Remove the word 'computer' from the question, so it reads "Has made us more productive?" To be able to answer that question we need to be able to articulate not only what we mean by productivity but how, and in what units, it would be measured. Now the focus is on productivity, and not on the particular technology itself.

For an individual, increased productivity may be described as doing more in a shorter time, doing work of higher quality, or doing additional tasks that were simply unthinkable (or needed to be farmed out to specialists) in a pre-x era. Using x, individuals may be able to point to anecdotal evidence of improvement in one or more of those areas. For example, in the mid-80s I was pleased to be able to prepare better-looking math tests, incorporating graphic elements and typeset quality symbols, as opposed to handwritten tests earlier. The change reflected, I believe, an improvement in the quality of the test. But, I have also witnessed improvements in quantity, in particular the quantity and speed of communications within the college, across the district, and around the world. E-mail keeps more people in touch on both significant and insignificant issues. While some would argue that the quality of the communication has declined, the telephone and E-mail have combined to put me in closer contact with more people, more often.

Many faculty have increased the quantity of time they have available to their students. Tutorials and simulations (extensions of their instruction), targeted to the students in courses they teach, are available to students 17-24 hours per day. I suggest to my students that the tutorials are like an automatic teller. The students won't get full-service instruction; on the other hand the tutorials are available when I'm not.

For work groups, increased productivity is often described as doing the same tasks, or even more and of higher quality, with fewer people. The experience of the Math/Science Division at SCC may be typical in this regard. By 1980 we had 14 full-time and 19 part-time instructors with a Division Secretary. In 1993 we've grown to 25 full-time and 55 part-time instructors, and 4 early retirees, served by the same secretarial position. This has been made possible by two technology investments: 1) a network of office computers, where most faculty create their own tests/handouts to final form and 2) a new phone system which does not demand the intervention of the Division Secretary.

But the anecdotal evidence is not enough, is it? There surely were a few losses along the way. And what were the costs of implementing the productivity tool, x?

In the Math/Science Division at SCC, we have probably saved hiring additional clerical personnel during the past decade, while maintaining a satisfactory level of service because of technology investments. What have been the costs? Consider $2500 per faculty workstation, replaced every 6 years, for 25 full-time faculty members. This amounts to an annual capital cost of about $10,000--barely half the average annual cost of an additional Division Secretary.
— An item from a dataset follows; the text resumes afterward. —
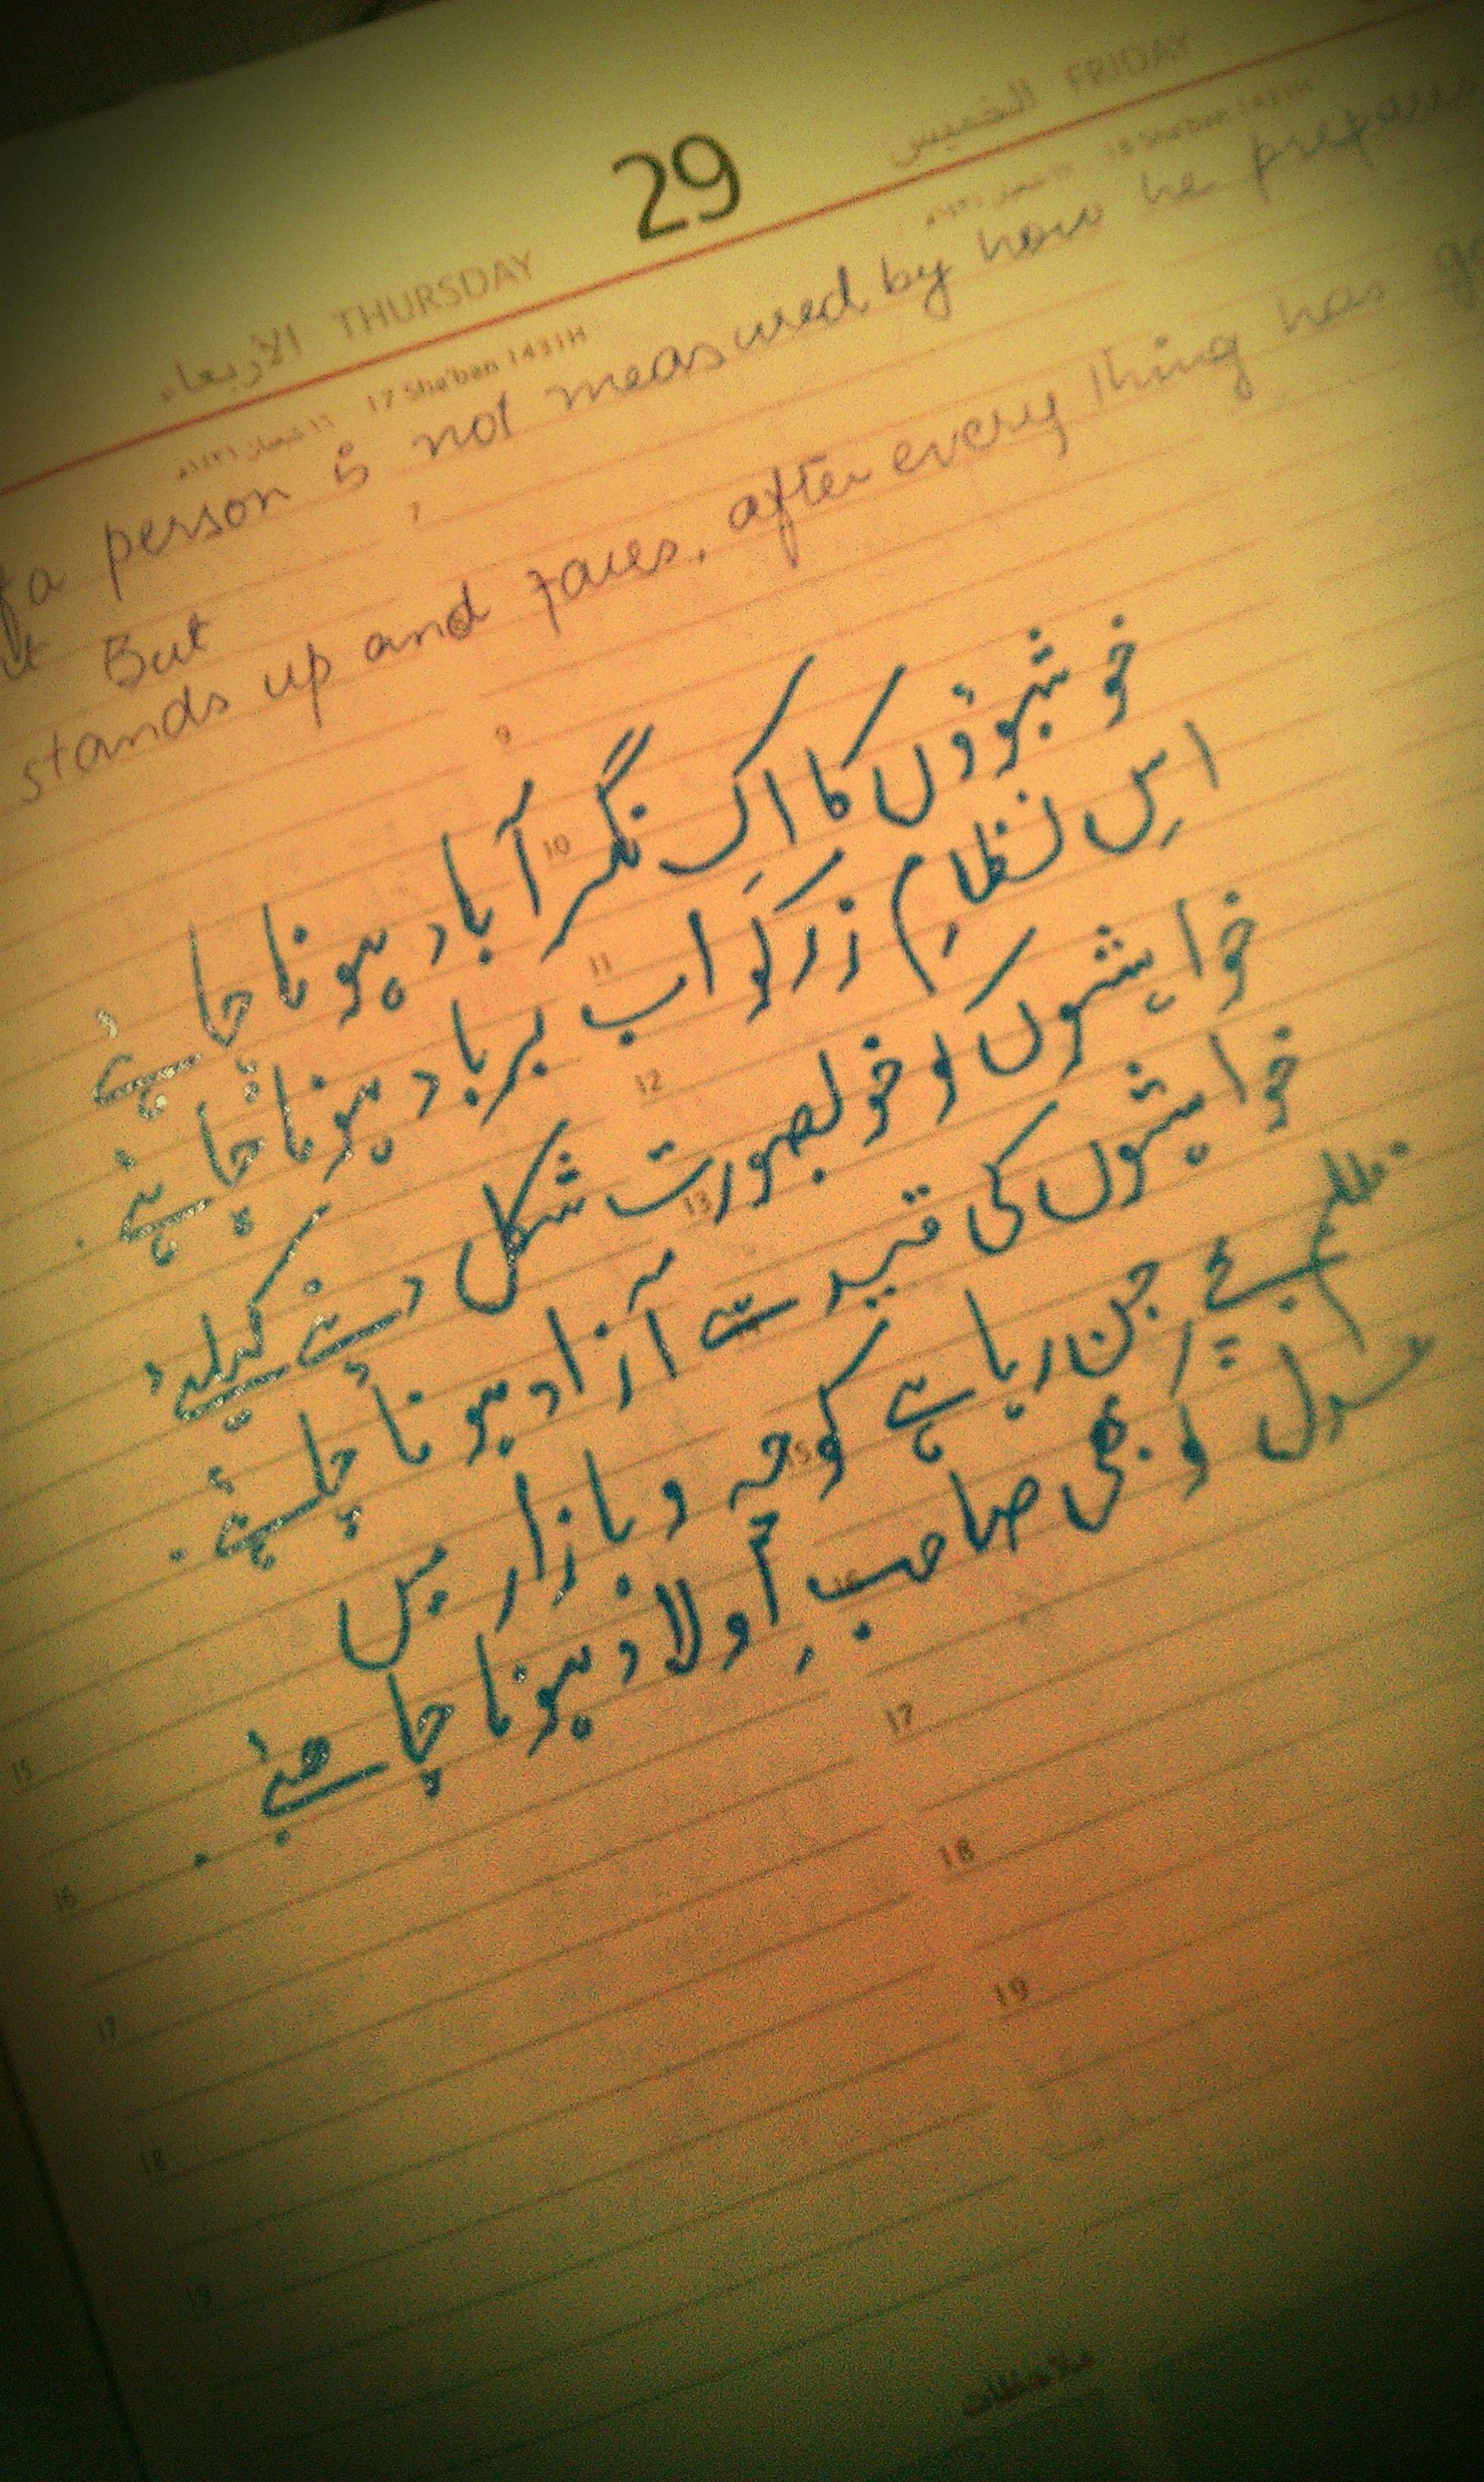 Pakistan Justice Materialism Deep Words Urdu Poetry Image Quotes

Even if the desktop computers were only used for office/clerical tasks, they would be a good investment. In fact, many faculty use these computers for directly instructional matters: with software students will use for class assignments, or with professional contacts across the country.
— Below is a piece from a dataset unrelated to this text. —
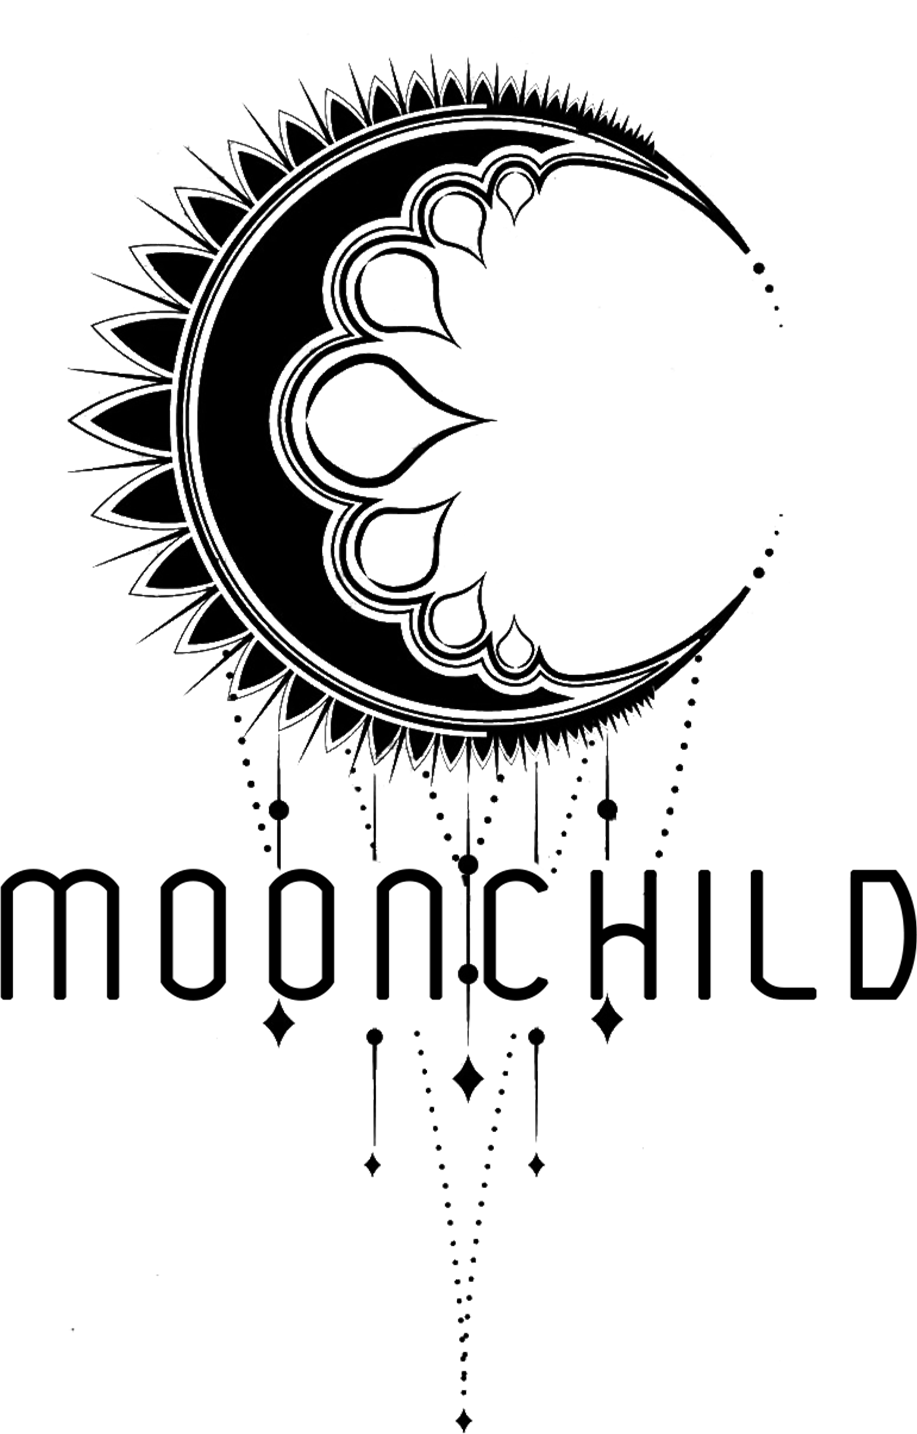 MOONCHILD CREATION

Were the changes worth it? Were other changes also possible? Should we have done even more x than we did? To answer these questions we need to carefully define what we mean by productivity, in measurable terms.

But that is not enough, either. We need to also address whether the tasks we've been doing are worth doing at all; whether (and how much) they served the larger mission, and at what cost. For example, have my better-looking tests and handouts really served to improve student learning in some way? Perhaps they have given a more professional/commercial look and feel to instructional materials and, by extension, to the department/college. And perhaps that has had an effect on student attitudes toward the college academic culture. Perhaps the ease-of-reading has improved student learning. But by how much? And was it worth it? Was the personal touch lost in the change from the informality of the handwritten materials? And what was the impact of that loss?

So there are two kinds of productivity questions: a kind of internal productivity that needs to be articulated and measured. Assuming I want to write a math test, how can I improve its quality (in presentation), shorten its production time and lower its cost of production? And a second kind which includes some larger questions like, "Is giving this test at this time productive for student learning?"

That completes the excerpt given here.